Theme: “The Death of Objective Analysis”

Nowadays a lot of attempts to explain trends in the world, when applied to politics, are immediately discounted as ‘Conspiracy Theories’. Any attempt to identify those forces driving political change and events in the world nowadays is automatically derided as a ‘conspiracy theory’. Unfortunately it has become too easy in this way to block any attempt at objective political analysis by hurling this abuse at those brave enough to dare it.

The fact is that there are groups of people in the world who share common interests, and who seek to further those interests through the medium of politics. The concept of classes is an exceedingly useful one in this case, but one tainted by the particular history of misuse of this word.

In the nineteenth century when Marx was writing, the word ‘class’ was used by mathematicians and philosophers as an alternative to the word ‘set’. A class or a set are the same thing: “A group of objects united by sharing common attributes”.

We can apply the class concept to political and social analysis by defining it as: “A group of people who share certain common interests”. Note well, it is not necessary for members to share all interest or attributes, just the ones that define the set.

It is natural that people belonging to the same functionally defined class will act individually towards a common goal, because they are pursuing a common interest. It does not require any organisation or men in black to mastermind or direct this movement or current in politics. It is self-organising. In individually pursuing their own self-interests, they work towards a common aim. Furthermore groups of people within the ‘class’ may inhabit similar niches in society and thus actively communicate and co-operate with each other over interests they share. Again there is no need for an overarching leadership, no secret committee of the ‘illuminati’.

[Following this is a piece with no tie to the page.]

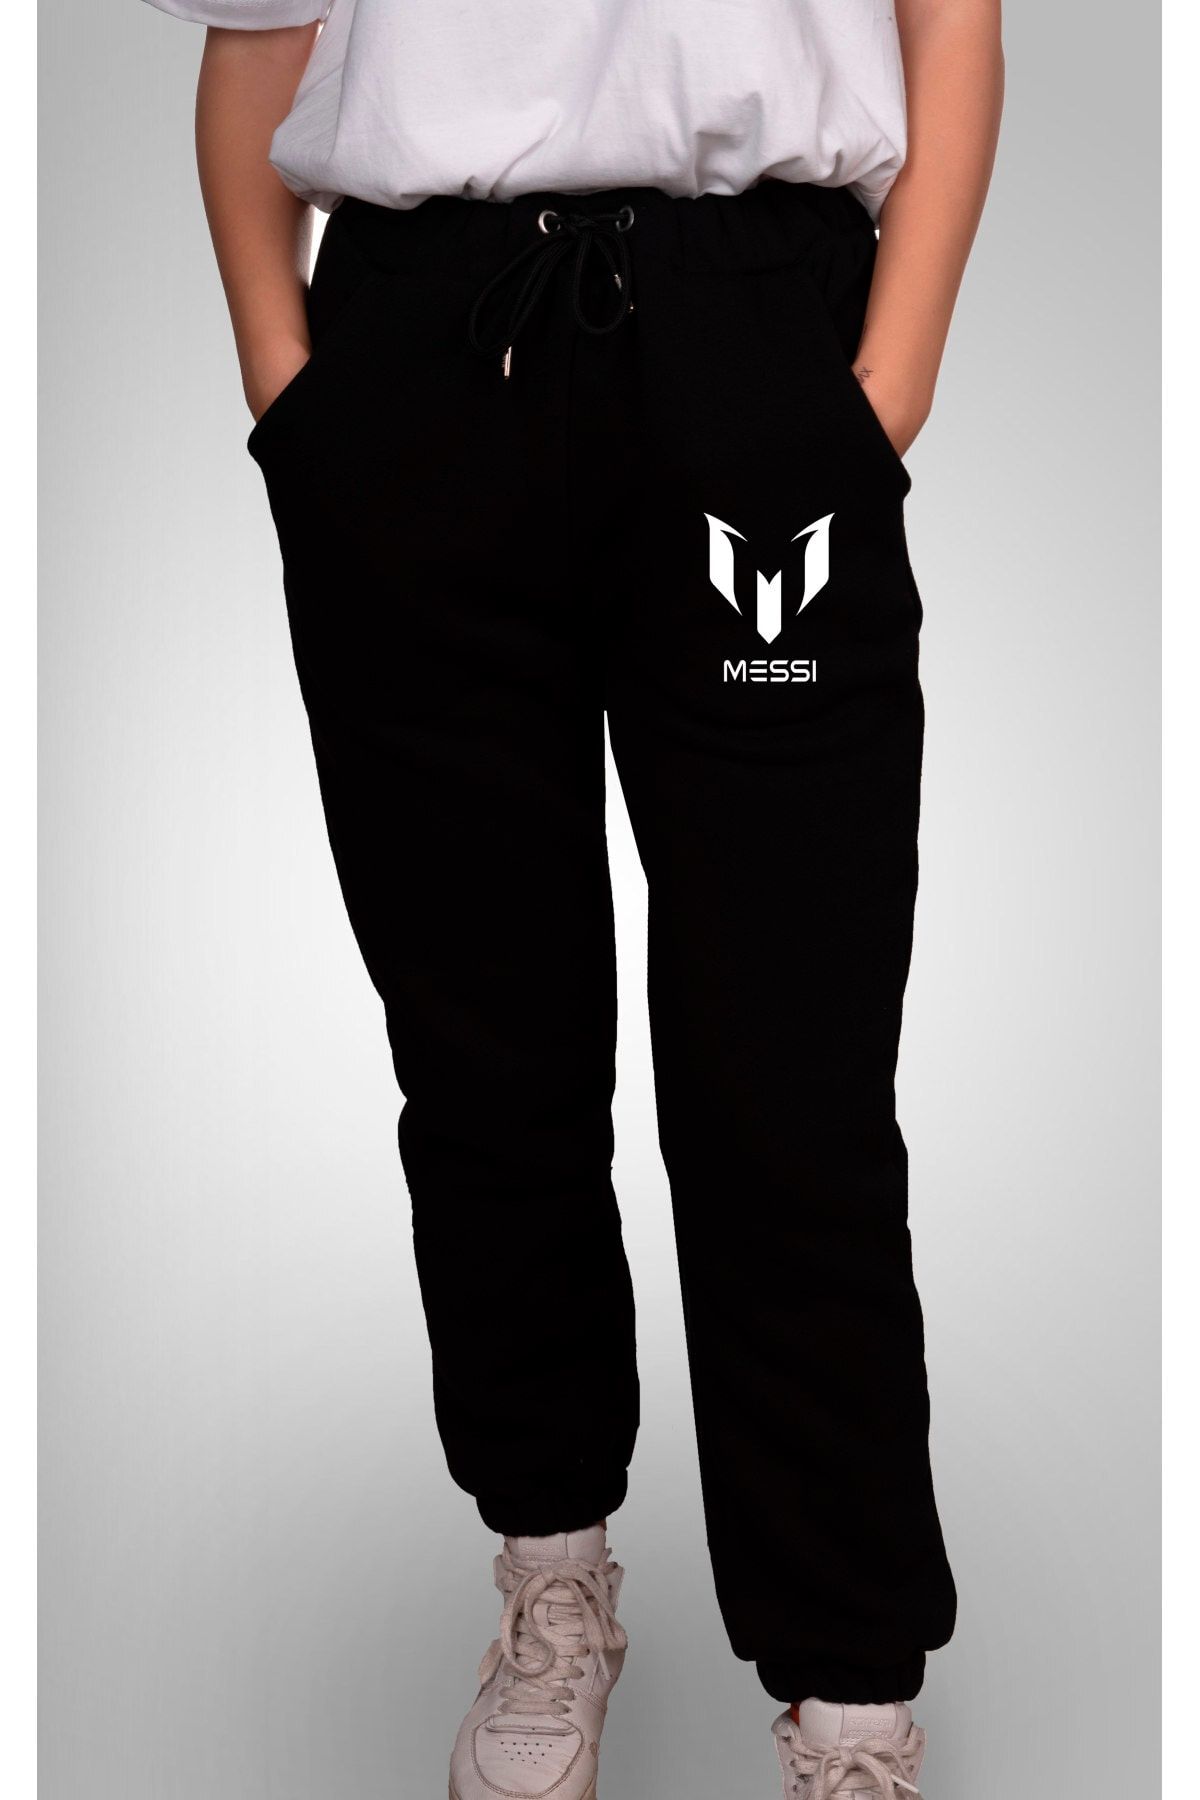 Mix Lower Mens Track Pants at Rs 199/piece in Surat | ID: 23241957833

Within society there are groups of people who share different interests, different ‘classes’. Sometimes the interests of one class will conflict with those of another. The result may be a ‘class struggle’ or a ‘class war’. It is a simple reality of political life, not a conspiracy theory, or a piece of Marxist ideology.

In our current world a most typical class struggle is between different ethnic or sectarian groups for control of the state. In the west the concept of the ‘Nation State’ seems simple, ‘One state, one government and one nation, meaning one ethnicity.’ There are minorities, but they are marginal politically, and must pursue their political interests largely through the institutions designed and controlled by the dominant majority culture.

Sadly for the world, the west which seeks to tutor the rest of the world on how to solve their problems, does not understand that in most countries this over-simplistic view of the nation state is not very relevant. In most countries society is divided between different ‘classes’, based on ethnicity, religious sect et cetera. These groups have their distinct social networks. Each is suspicious of being ruled by the other. The groups compete with each other for control of the state.

The west’s simple solution to all political problems, namely ‘parliamentary democracy’ just doesn’t work. Political parties segregate along the ‘class’ lines. Parliament becomes a battleground of beggar my neighbour politics, each class trying to block policies of the other. Suspiciousness means that even policies which benefit both may be rejected by one if proposed by the other. Parliament becomes a civil war without guns, but often involves punches and verbal abuse.

Those progressive individuals who seek to set up political parties on universal principles find themselves with one seat in the house, or losing their deposit. The fact is that the practical benefits of promoting your own social networks vastly outweigh such high minded philosophy. It plugs into something deep in biology, but has a contemporary reality and relevance which cannot and will not be dismissed as mere ‘atavism’. It works for people.

In our western democratic societies different classes are in a struggle along economic lines. Some classes are more powerful than others, have more resources, more wealth and consequently more influence on the direction of the state than others. Such power imbalances belie the concept of democracy as being reflected by ‘one man one vote’.

Of greater importance is the responsiveness of the state to your class. Elected politicians are the instruments of government, not necessarily the source of government policy. Government policies are a response by the state to the influences of different classes, a continually shifting balance between the direct influence of smaller, wealthy, powerful classes and the weight of numbers of poorer, less directly influential classes. Who is elected is less important than the undercurrents of these battles for influence over the state and how they evolve.